Data section

= = =

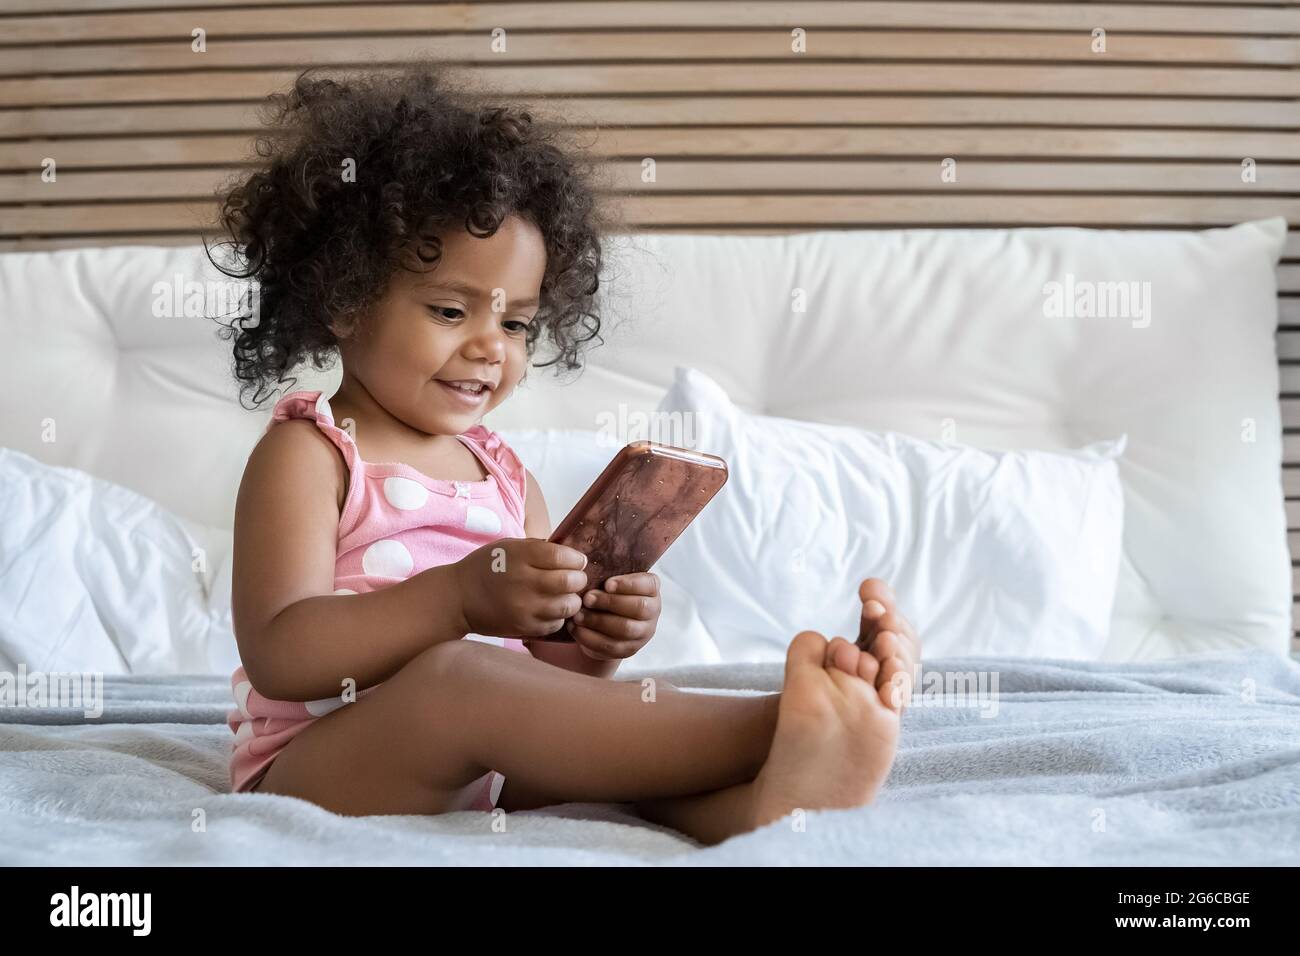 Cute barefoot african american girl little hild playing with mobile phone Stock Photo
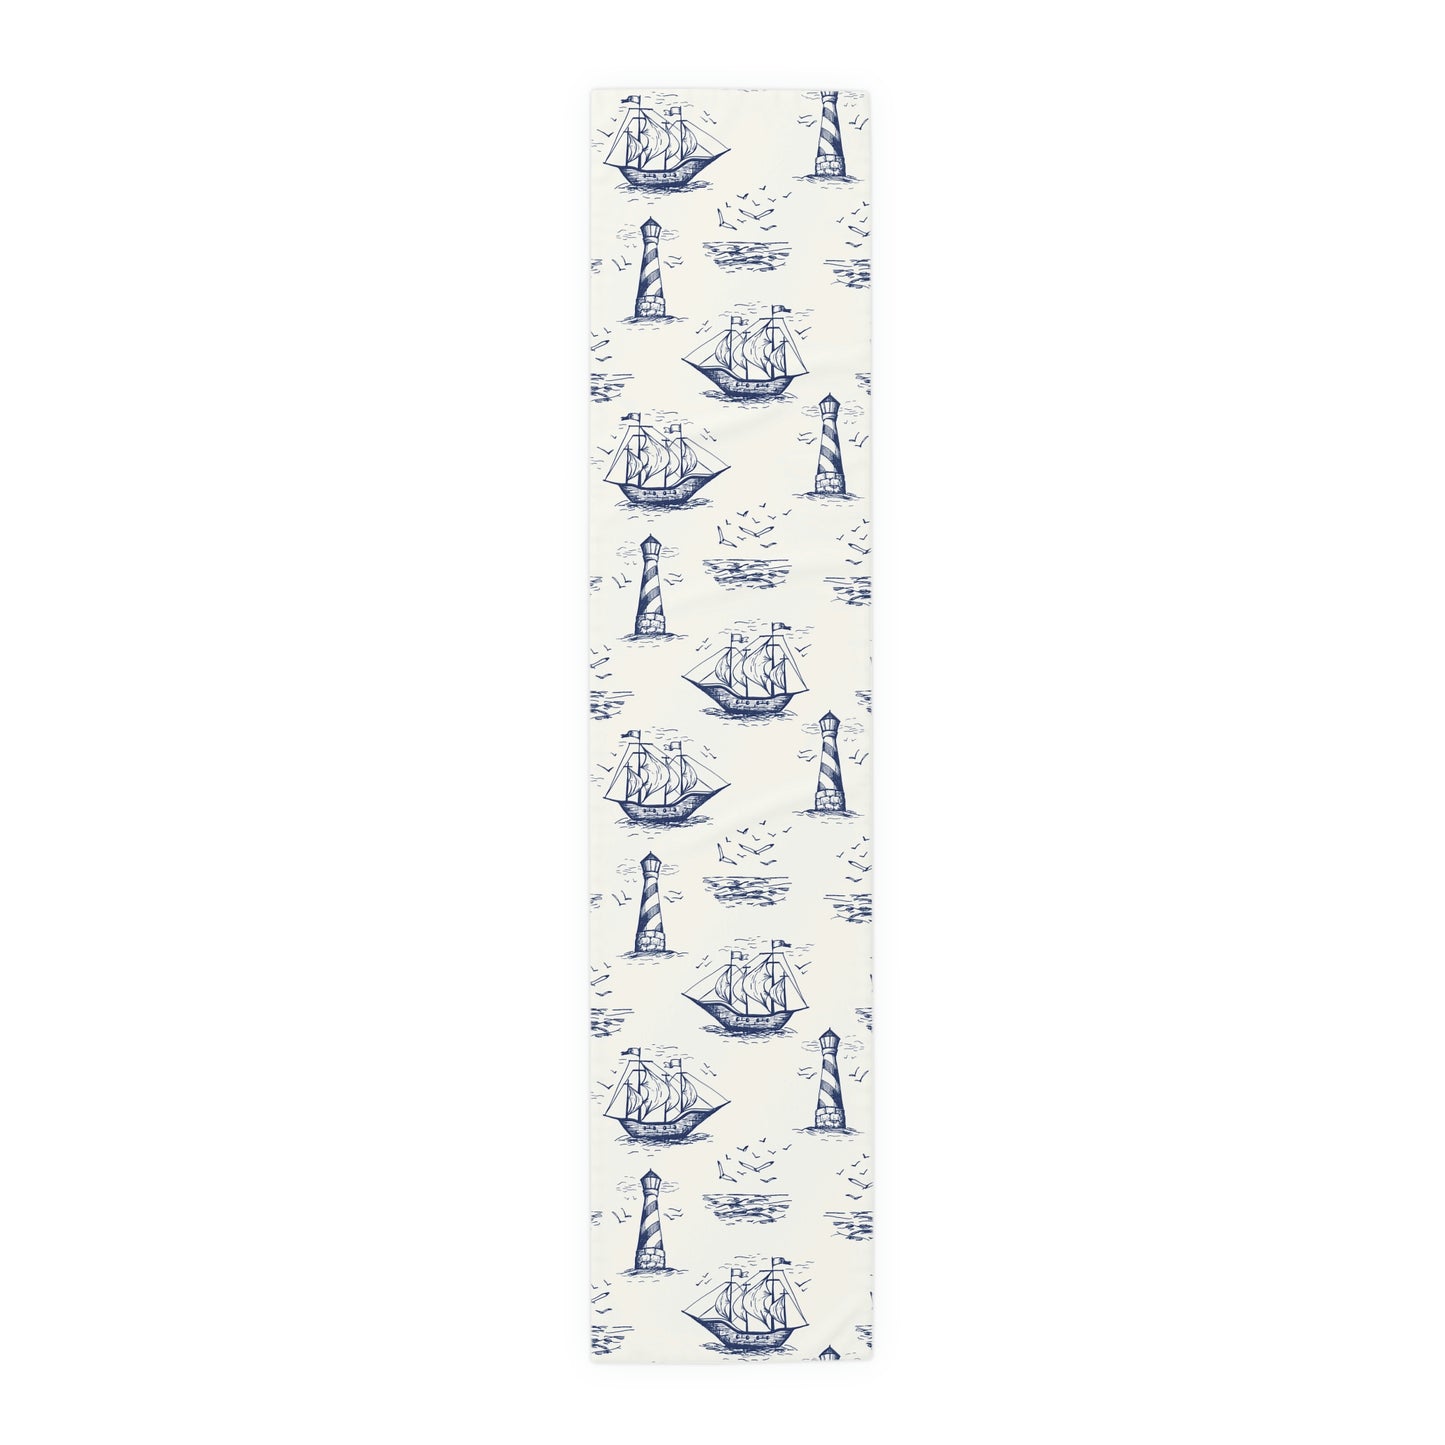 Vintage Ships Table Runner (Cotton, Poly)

= = =

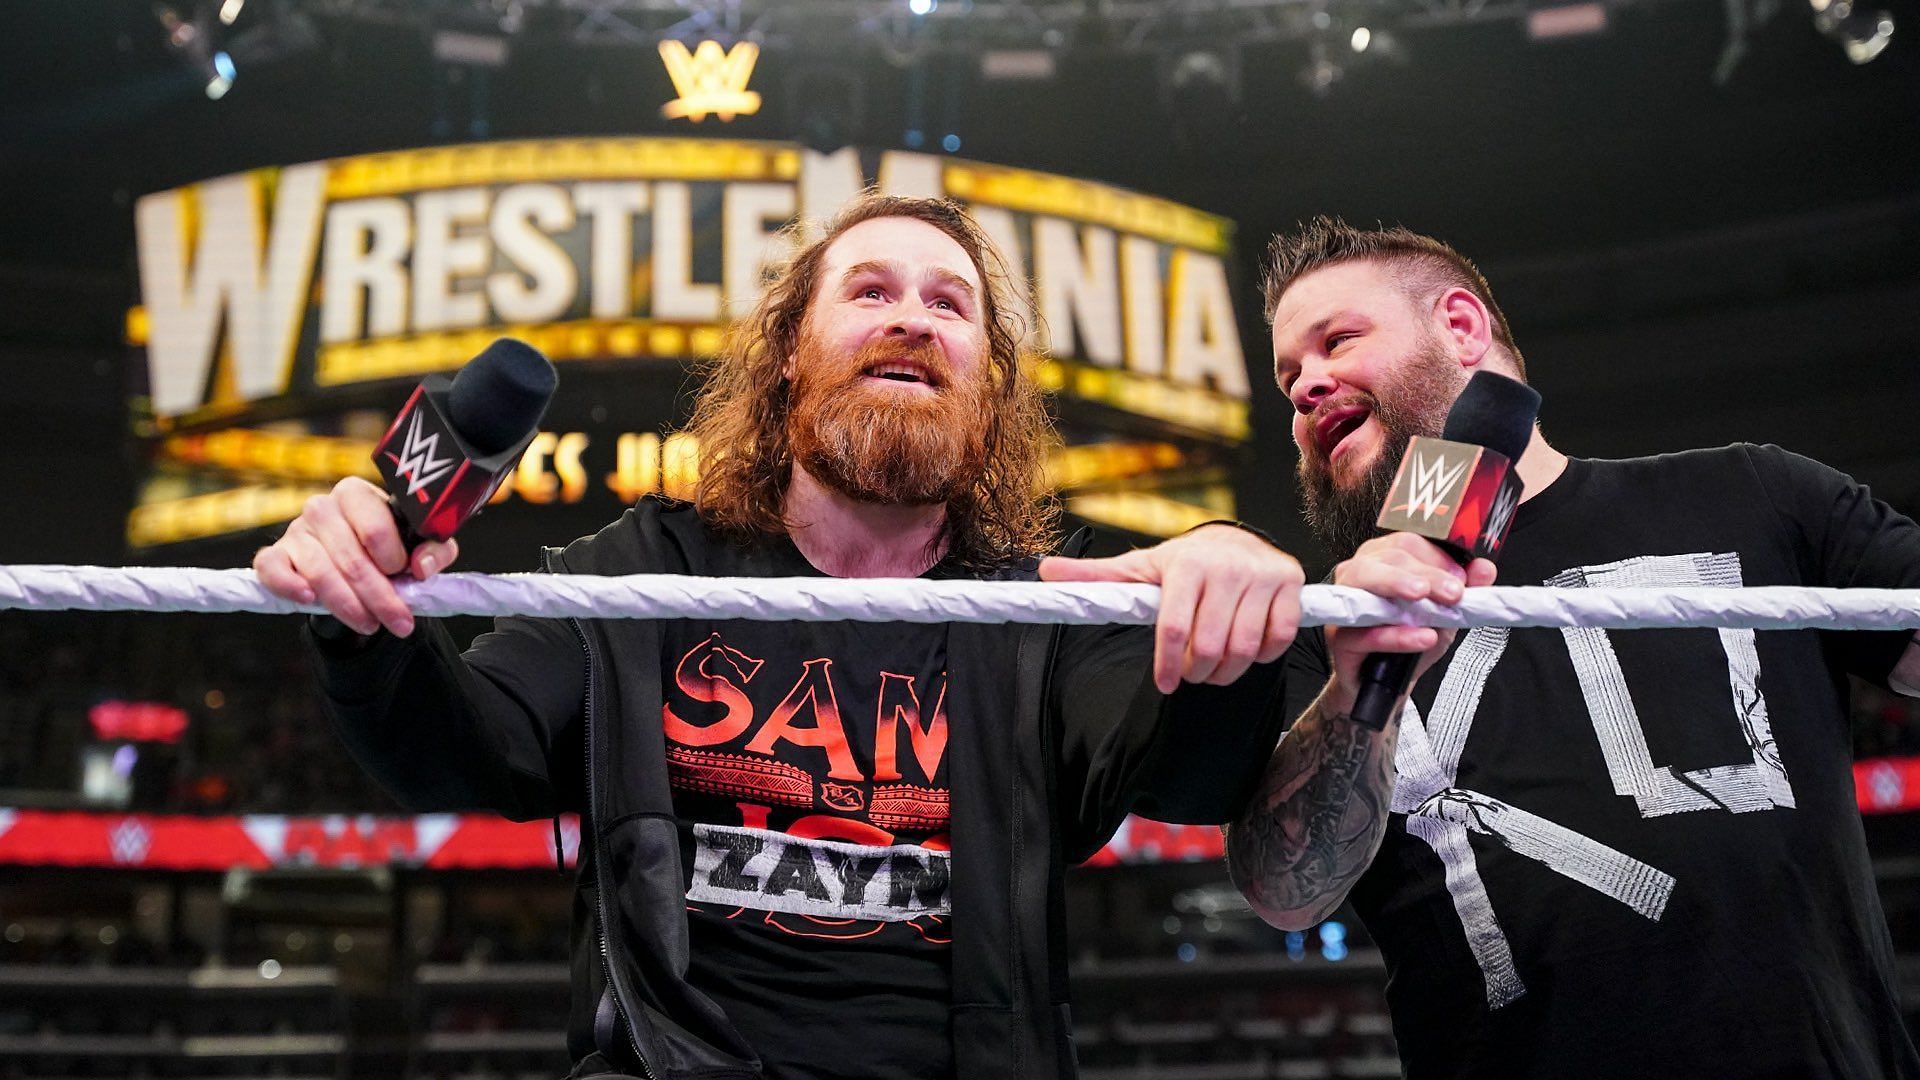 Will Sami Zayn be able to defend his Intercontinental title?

= = =

What to do
The copy should hold only the lines from the one with "Cute barefoot african" through the one with "Vintage Ships Table Runner (Cotton, Poly)", exactly as they stand above. Leave out the pictures.

Reply to the task
 Cute barefoot african american girl little hild playing with mobile phone Stock Photo
 Vintage Ships Table Runner (Cotton, Poly)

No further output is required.